Как досадно, что так и останутся во мне невысказанными мысли об интертекстуальных связях миниатюр Рокитянского, их неожиданной ритмике (многие буквально «просятся» в шлягеры: «Что ты делаешь там, / В тихом городе Эс. / Среди жизненных драм, / Сплетен, слез и повес? / Вспоминаешь ли ты / Хоть секунду меня». Узнали? Это «Дама с собачкой») и прочих стиховедческих и иных тонкостях, смысл которых так любят извлекать филологи. Ведь перед нами текст. К тому же — текст о Чехове, пересказывающий — нет, перепевающий (стихи!) — его жизнь и творчество. И как текст он имеет право на анализ и интерпретацию.

Что же касается внелитературной стороны факта появления этой книжки, то автор действительно любит Чехова (и здесь он, как говорится, с нами). Издание же книжки в издательстве «Academia» (эта «аллюзия» — к вопросу о прогрессе...) можно сегодня, слава богу, считать только фактом биографии ее автора, но не фактом литературы, как было бы с любой изданной книжкой в советские времена. А чеховедение имеет право не только на свои взлеты и тупики, но и на свои курьезы.
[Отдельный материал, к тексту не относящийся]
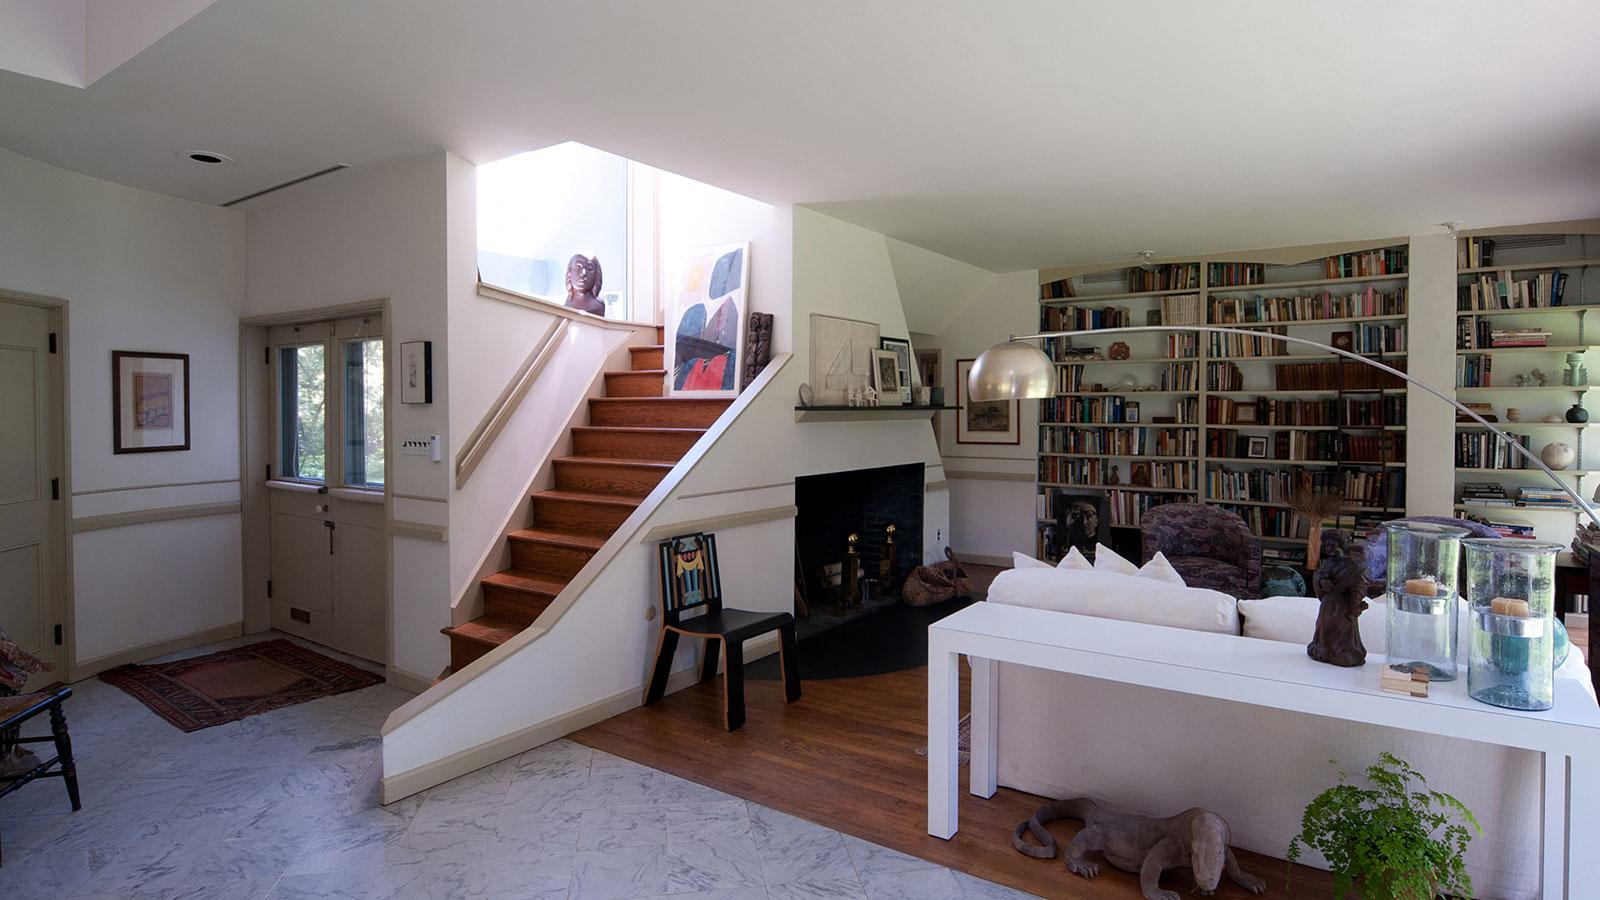 4 Bedroom Apartments In Dc Arch161 Vanna Venturi House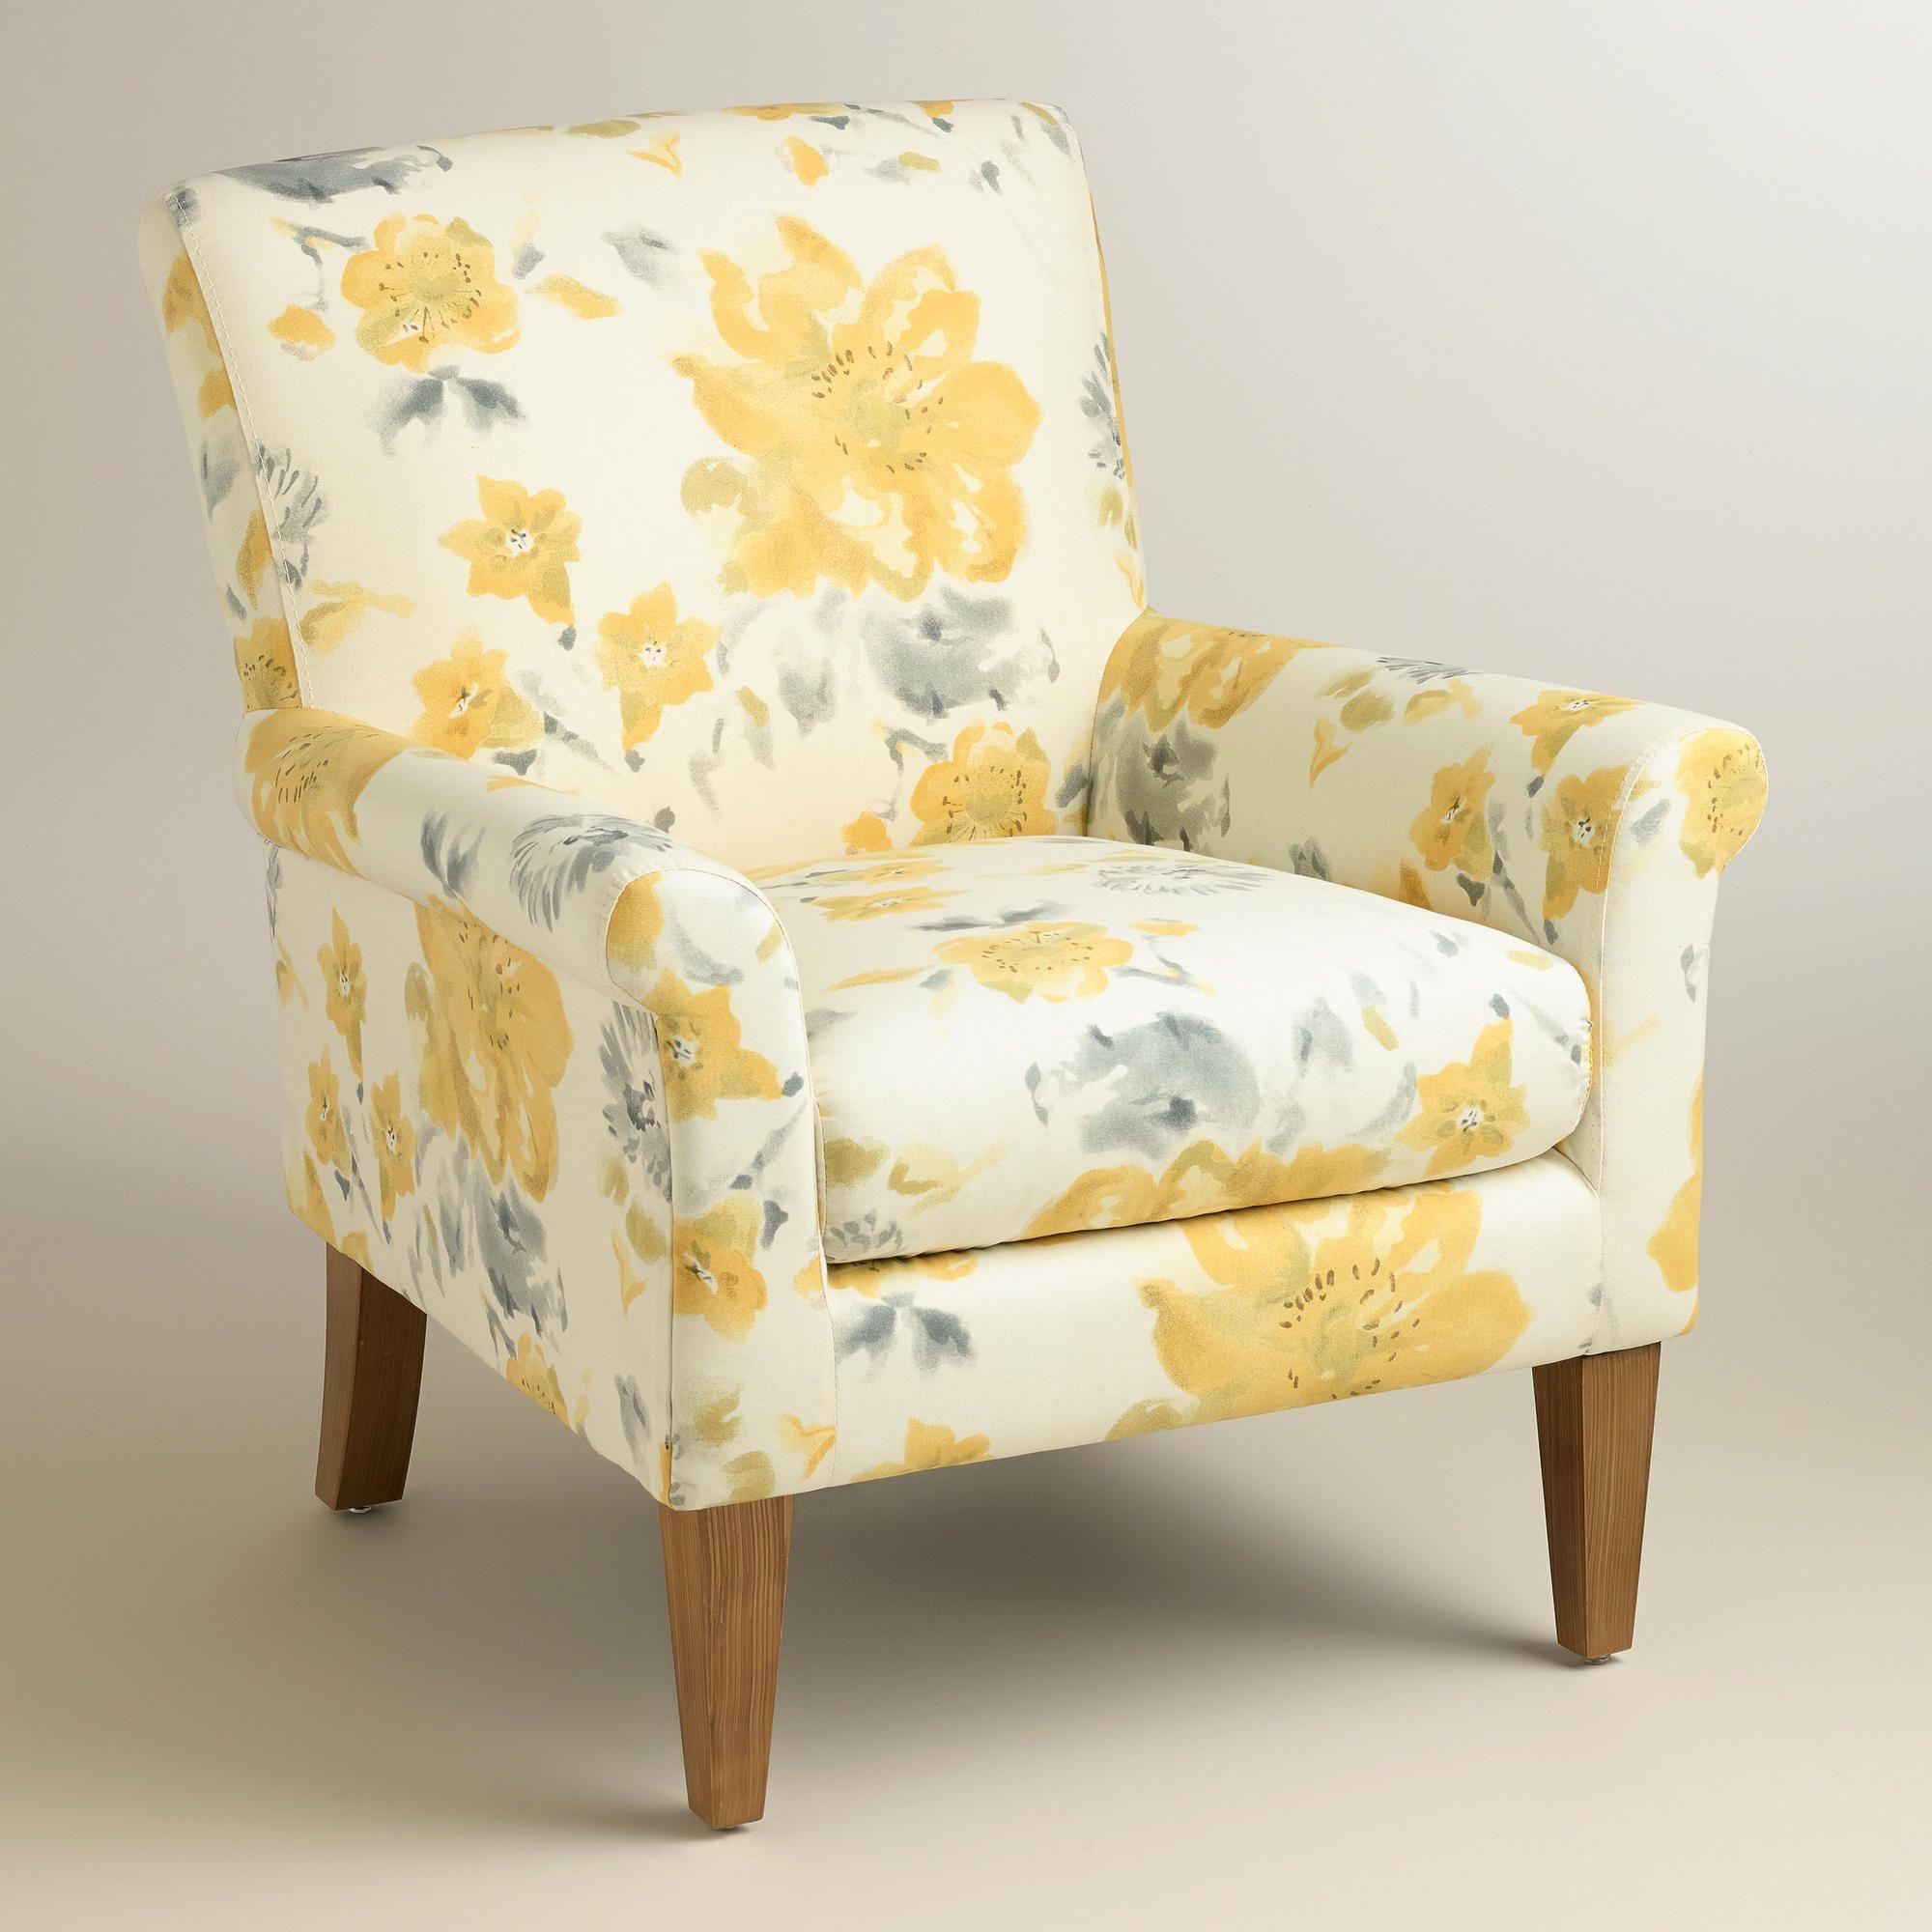 Yellow Fleurs Estelle Chair | World Market $250 $180 if same sale ...

А так как сейчас «год Пушкина», а Чехов — это, как известно, «Пушкин в прозе», то закончу еще одной ассоциацией, ценность которой хотя бы в том, что в основе ее факт, скорее всего, никому не известный. На границе дореволюционной России и советской эпохи жил-был маленький и уже очень немолодой литератор Баскин-Нелединский. Он трогательно и бескорыстно любил Пушкина, слагал о нем стихи, охотно читал их желающим послушать, но очень редко осмеливался печатать. Одно из них кончалось так: «Мертвый Пушкин молча бродит, / А мы работаем во тьме». Это к вопросу об истории и психологии литературоведческих курьезов.

Примечания

1. Первая публикация: Гитович И. «Оставь, писатель, все сомненья...» // Чеховский вестник. 1999. № 4. С. 45—48.